#### Information supplied:
== Segment start ==

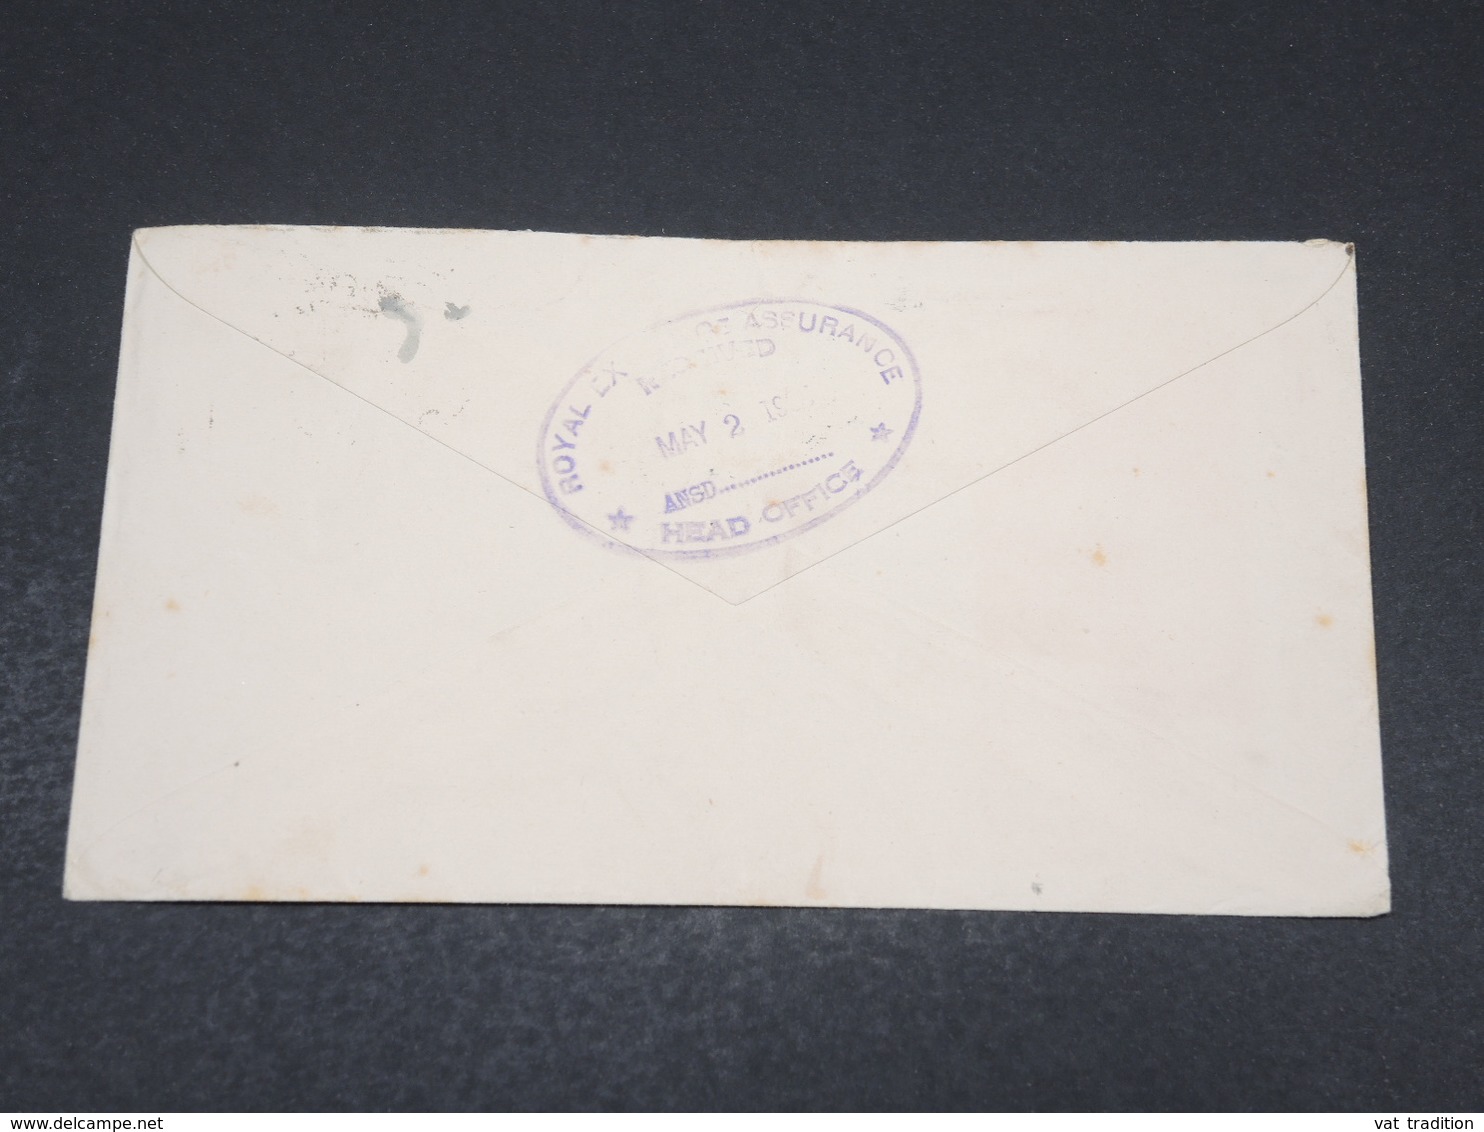 NOUVELLE ZÉLANDE - Enveloppe Illustrée De Wellington En 1935 - L 17515 - Lettres & Documents
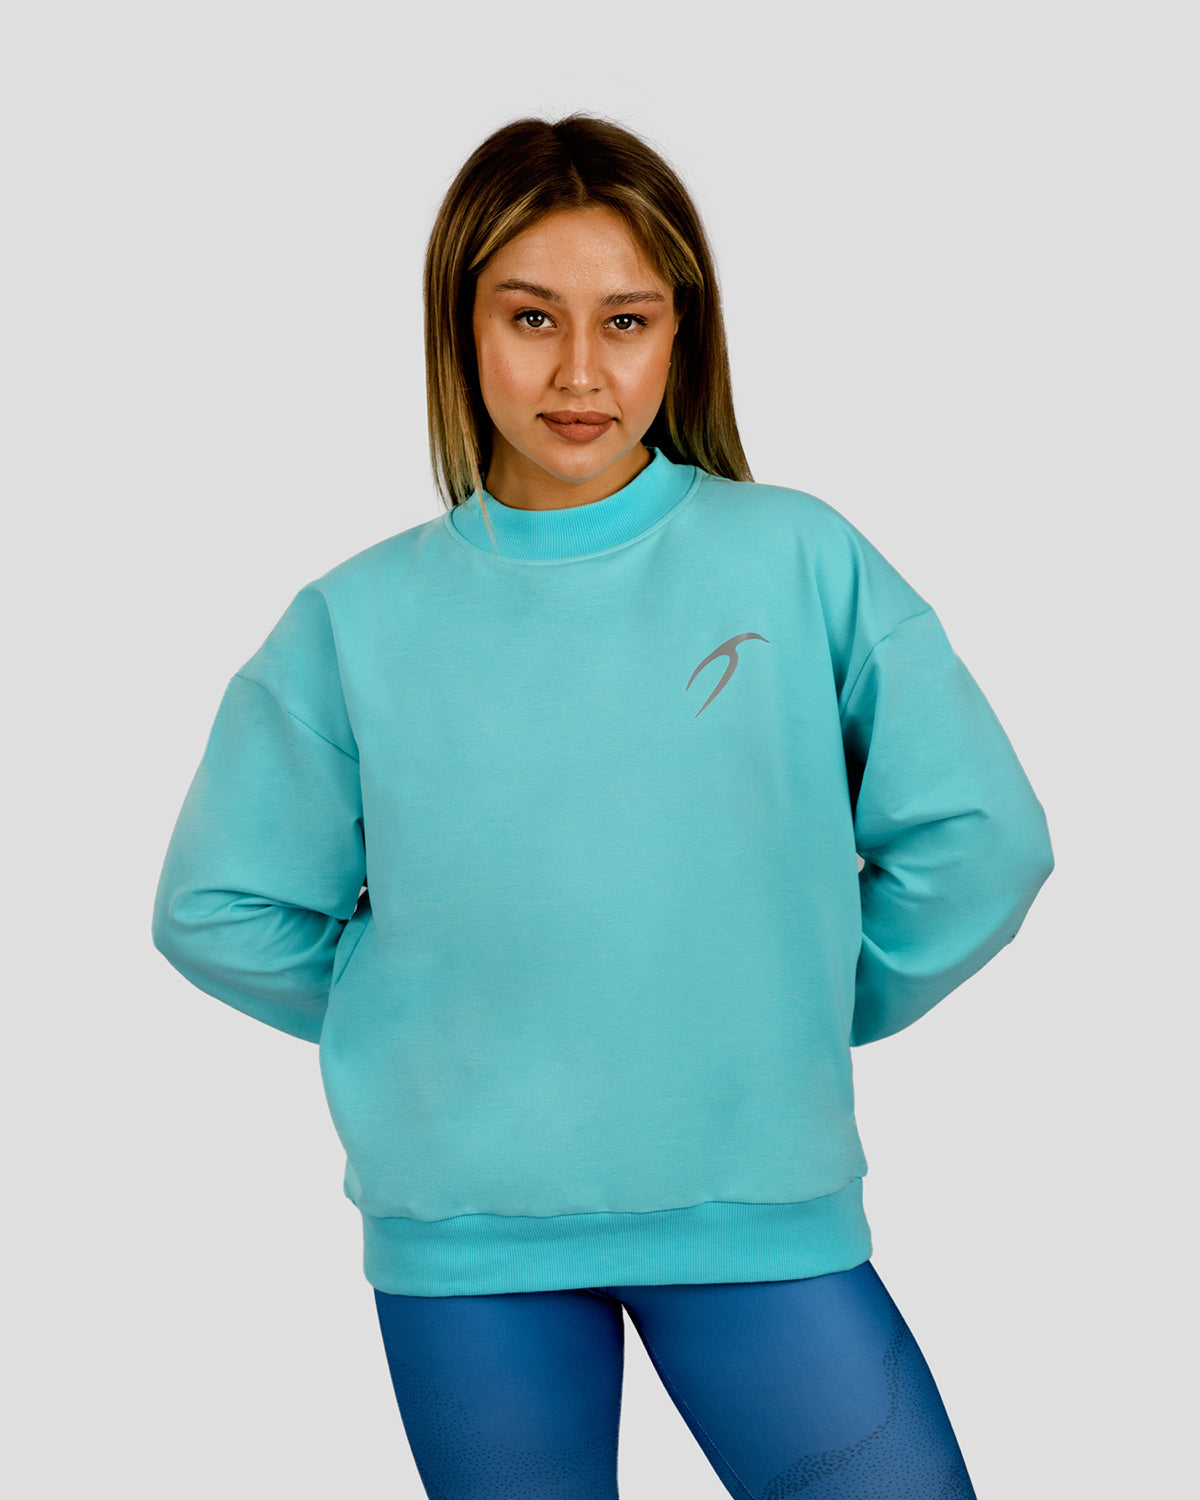 Atum women's ultra sweatshirt
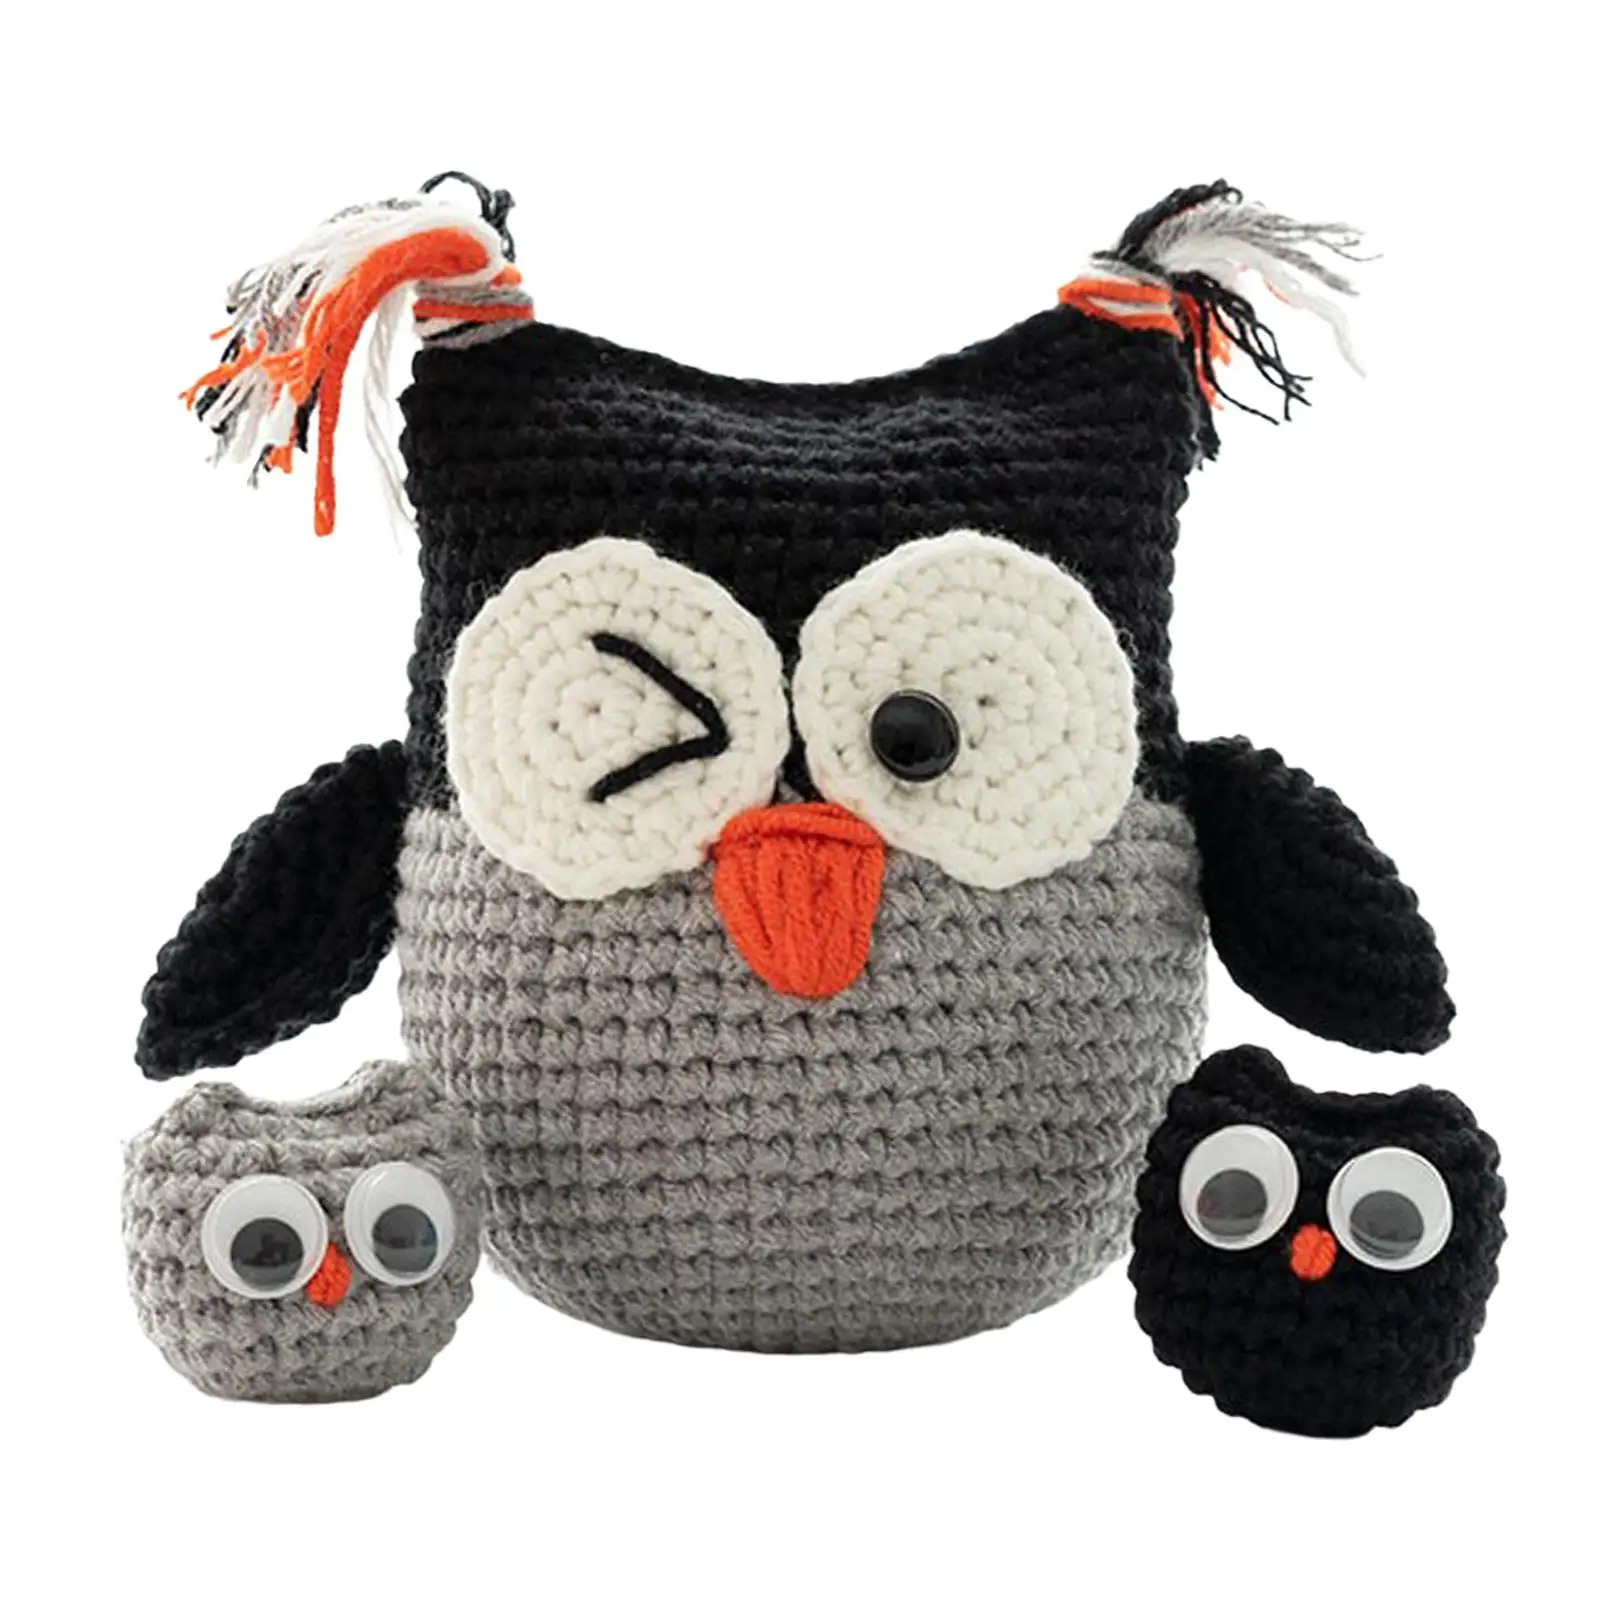 Handmade Crochet Kit Crocheting Knitting Toy Needlework Sewing Craft Beginner Crochet Kit for Perfect Gift
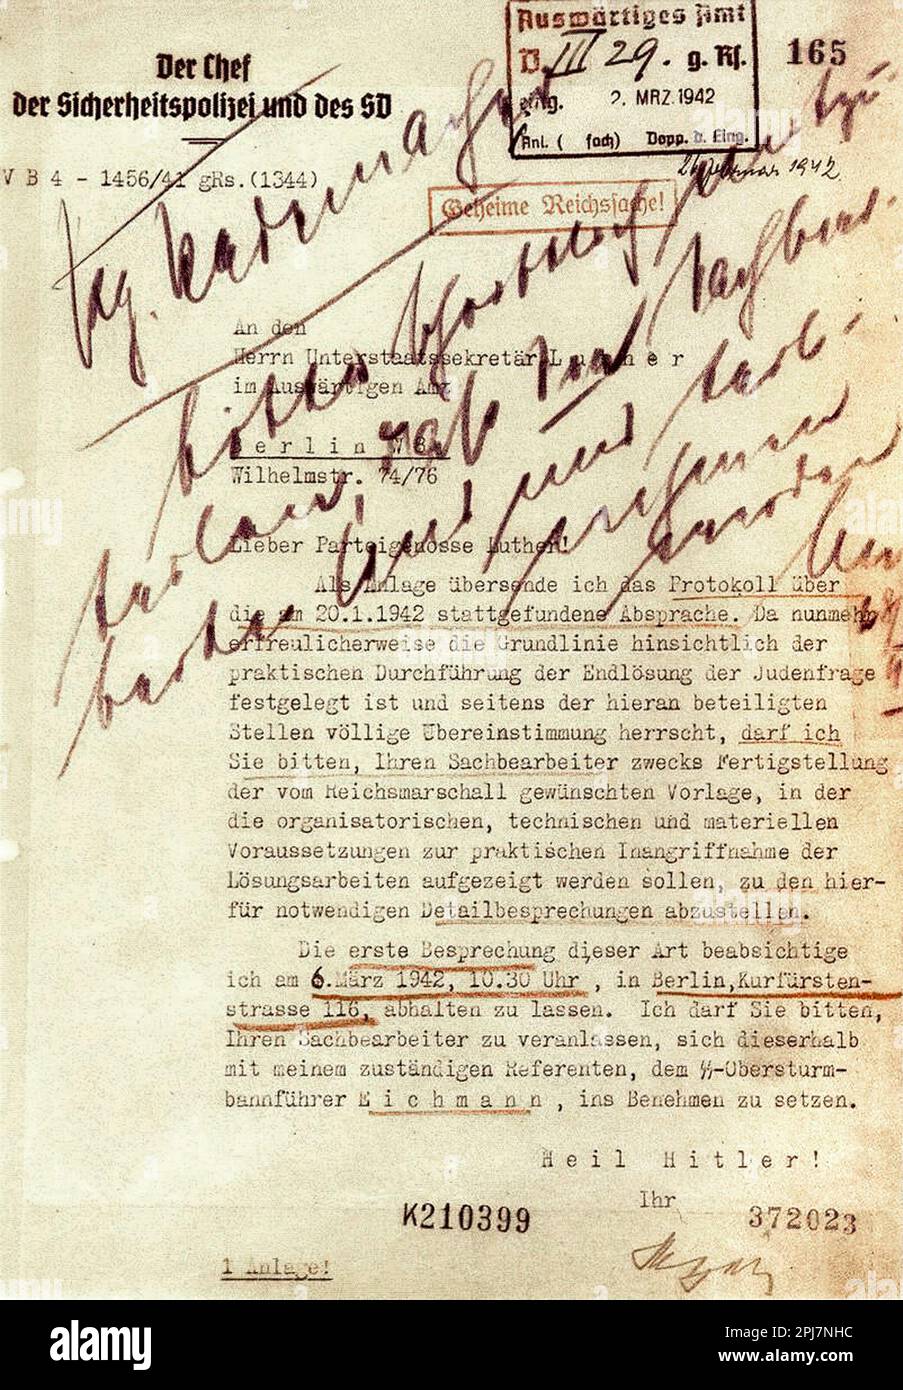 Ein Brief von Reinhard Heydrich nach der Wannsee-Konferenz, in dem er um Hilfe bei der endgültigen Lösung der jüdischen Frage bittet. Dieser schaurige Satz "Endlösung der Judenfrage" kann am Ende der vierten Zeile des Buchstabens gelesen werden. Stockfoto

== Segment end ==

#### What is needed:
Starting at the line that contains "Atum women's ultra sweatshirt", please write out each line through the last line of the data, both ends included, and keep pictures out of the copy.

#### Result:
 Atum women's ultra sweatshirt
 Handmade Crochet Kit Crocheting Knitting Toy Needlework Sewing Craft Beginner Crochet Kit for Perfect Gift
 Ein Brief von Reinhard Heydrich nach der Wannsee-Konferenz, in dem er um Hilfe bei der endgültigen Lösung der jüdischen Frage bittet. Dieser schaurige Satz "Endlösung der Judenfrage" kann am Ende der vierten Zeile des Buchstabens gelesen werden. Stockfoto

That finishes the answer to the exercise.